Neuraxis - The Thin Line Between - Dreaming the End mp3 sample (45 seconds)
Thursday 17 July 2008 at 10:45 am
Akhenaton - Divine Symphonies
I like this: it's martial ambient in the style of Lord Wind with distorted bass. But, it is very predictable. So very predictable. As a result, it is pleasant to listen to as background music. About track seven, it starts becoming gothic with guitars and lush keyboards and Sisters of Mercy vocals. I think they need to go back to the drawing board and put more music into this, because their heavy repetition (a) isn't layered and (b) does not consist of melodies that are all that exciting.
Ancestral - Avowed
Varg, this is your fault. Yours. These people are following your lead. You made it look so simple and now, it is. Trudge beat, open strumming while power chords undulate, and you can trick out a pop song into being like Burzum. The underlying writing on this demo is a lot like later Krieg, but even more poppy, and so it seems very emo when it emerges in quasi-metallized form. Again, like all covertly negative reviews, this one must contain the words "not badly executed, but lacking direction." This demo sodomizes a Macintosh.
Chronic Torment - Doomed
This isn't A+ material, but it's a solid B. Sounding like a cross between Merciless and Fester, it's heavy-metal and hardcore-tinged death metal in the Swedish style, with an affinity for fast riffs. You will hear nothing new on this CD, but unlike most of these discs, it has an attention span long enough to bond together simple songs over the course of a few riff changes and a verse-chorus devolution. It's not like the best of Swedish metal, which leaves the stupid rock'n'rollisms behind, but it's quite solid, with the same aggression appeal that made Verminous fun until it gave you a headache.

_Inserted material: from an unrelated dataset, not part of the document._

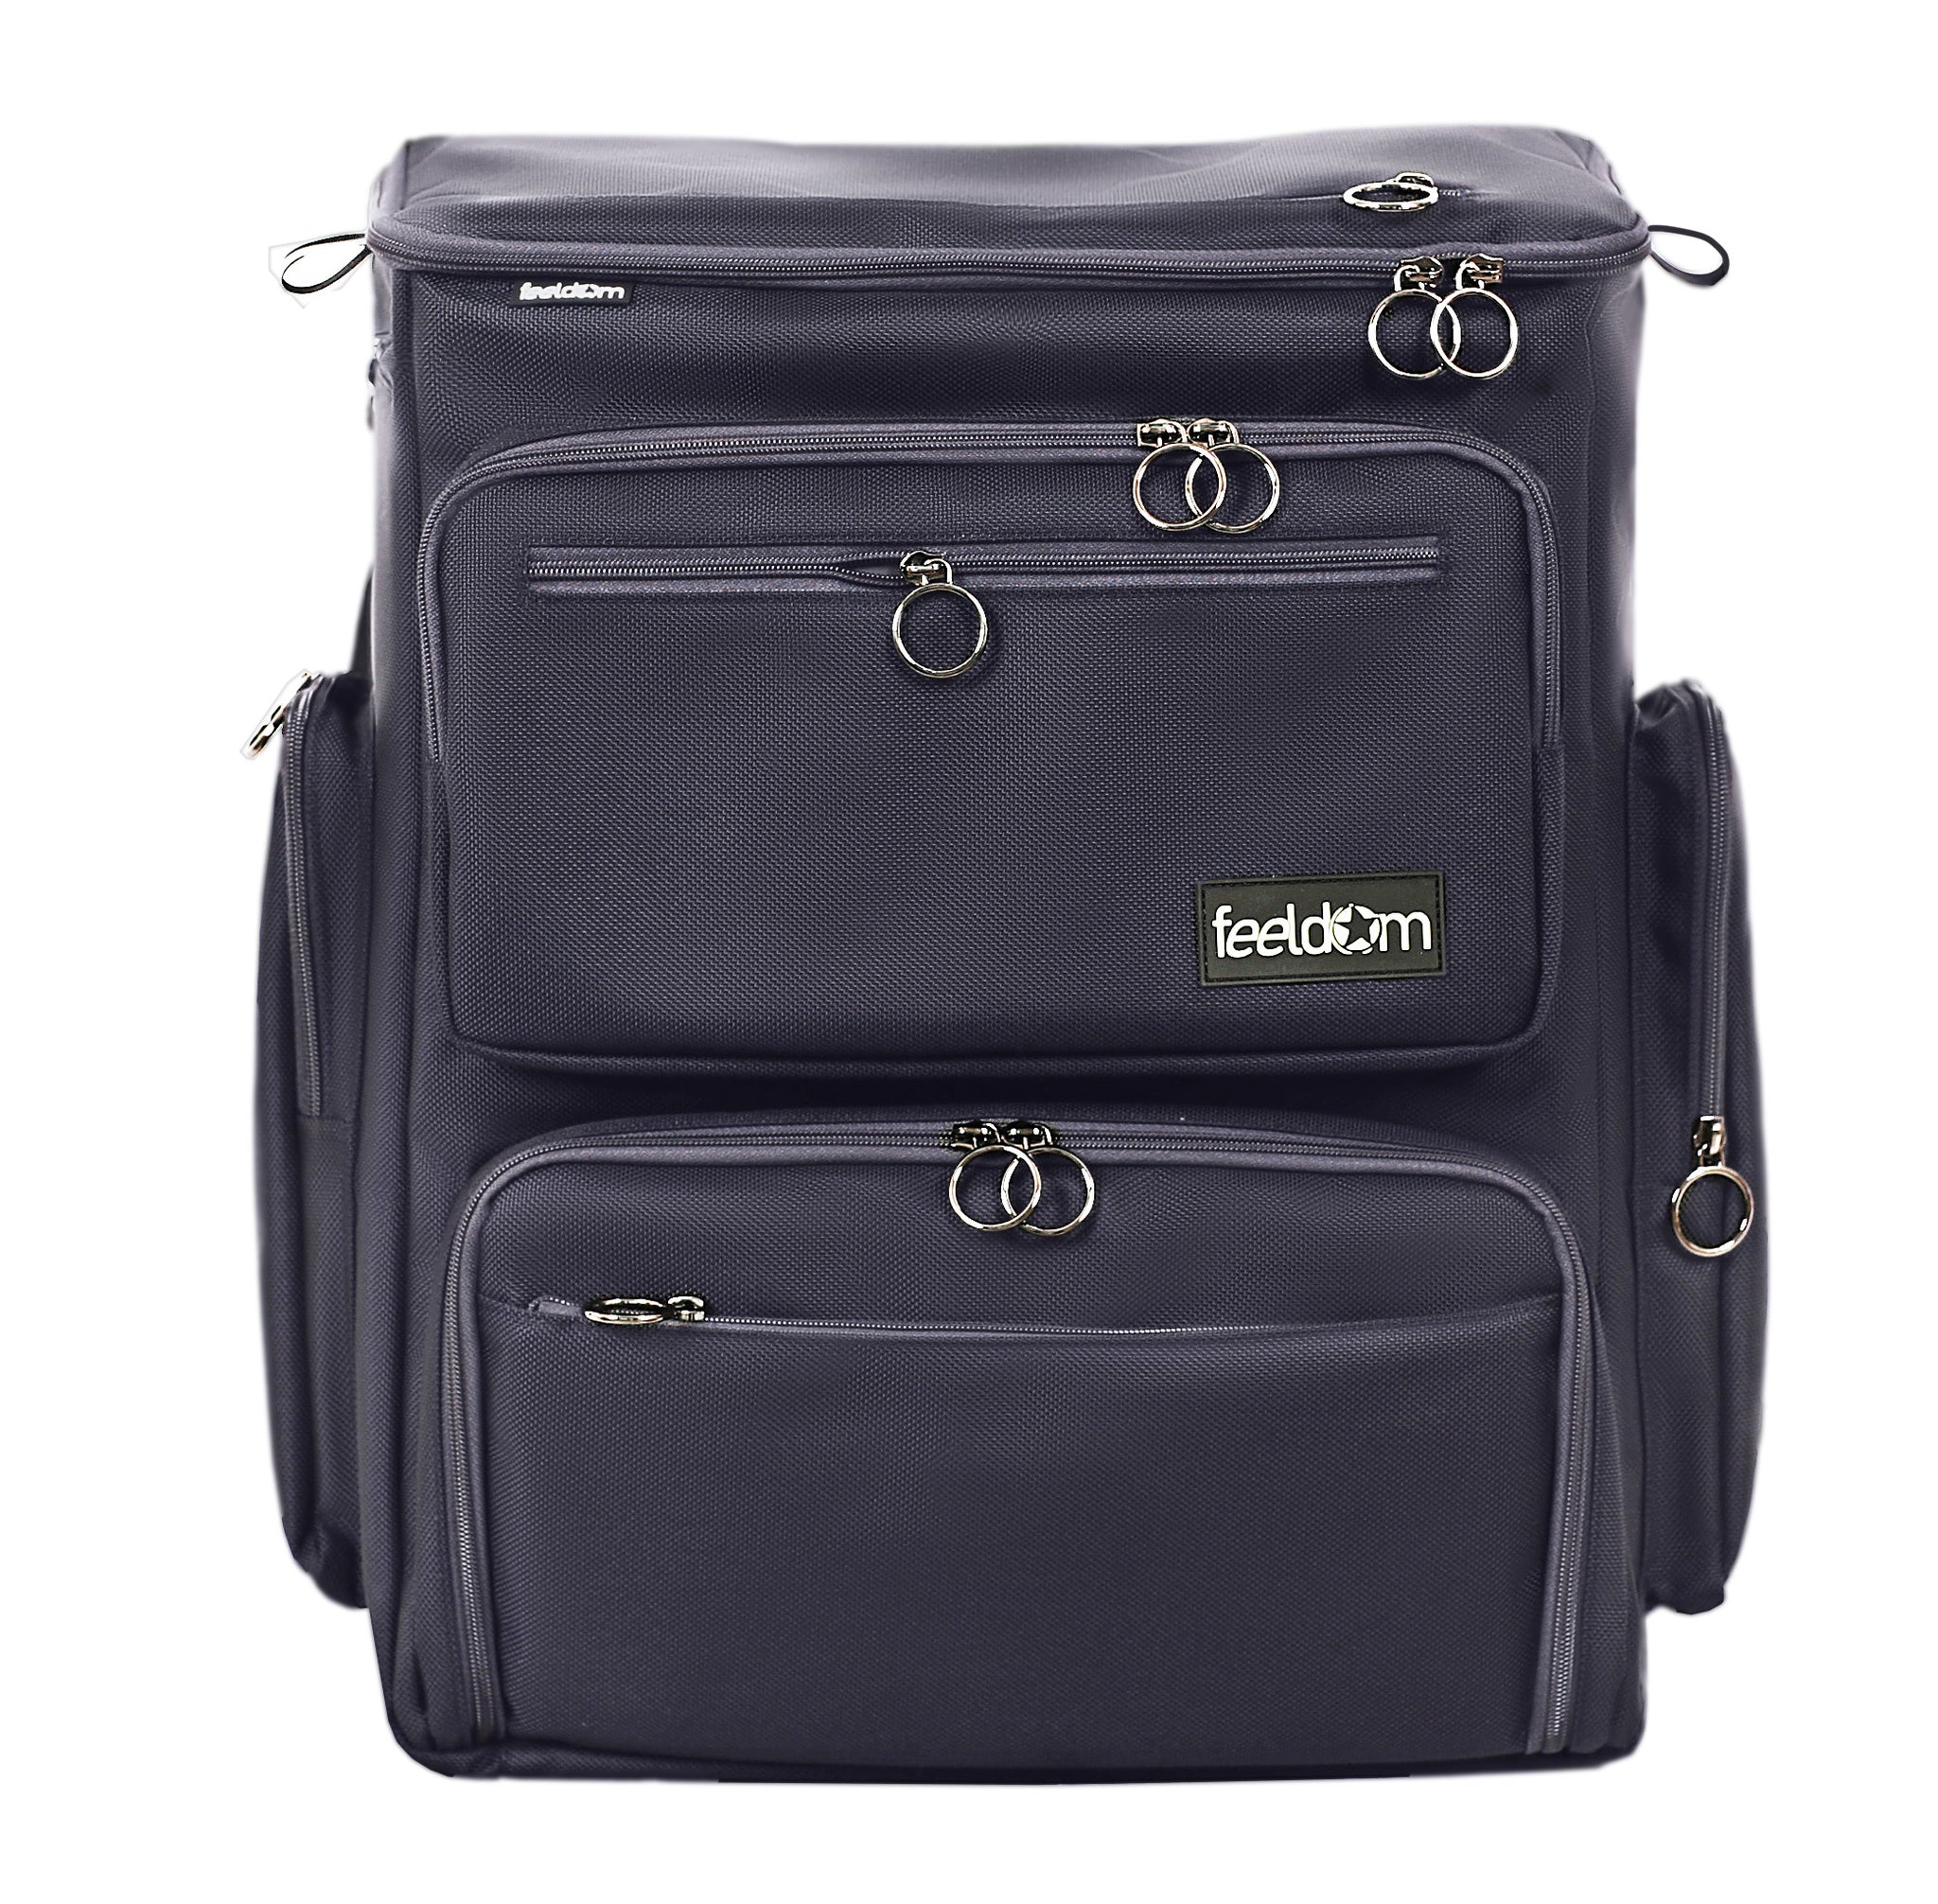 Feeldom Max Wheelchair bag in Large, Dark Navy. Rectangular front pockets have another pocket inside that. Side pockets are 11 inches high.

Chronic Torment - Dream of the Dead
Gosh, does everyone need to follow Immolation and Hail of Bullets? There's some completely great stuff on this album, but it gets ruined by the nu-MTVcore/metalcore trend of ranting, dead-on-the-beat chanting verses. These sound like a braindead zombie attempting to sodomize an iron lung, and have about as much musical importance to the listener as well. I think it's good if you want something angry-sounding in the background, like in a movie. They're very catchy, but mind-numbing. This CD reminds me of Comecon in that way: their heavy metal has blended into their hardcore, with no emo, but it's so bouncy and simple that I don't want to ever put it in again. That's said because some of the Bolt Thrower-style speed riffs, with two chords strummed fast in the background and melodic rhythm patterns picked over them, are great. Still a Merciless comparison, if Merciless listened to a lot of later Malevolent Creation and The Haunted. What a promising work, but awash in stuff designed to pander to blockheads.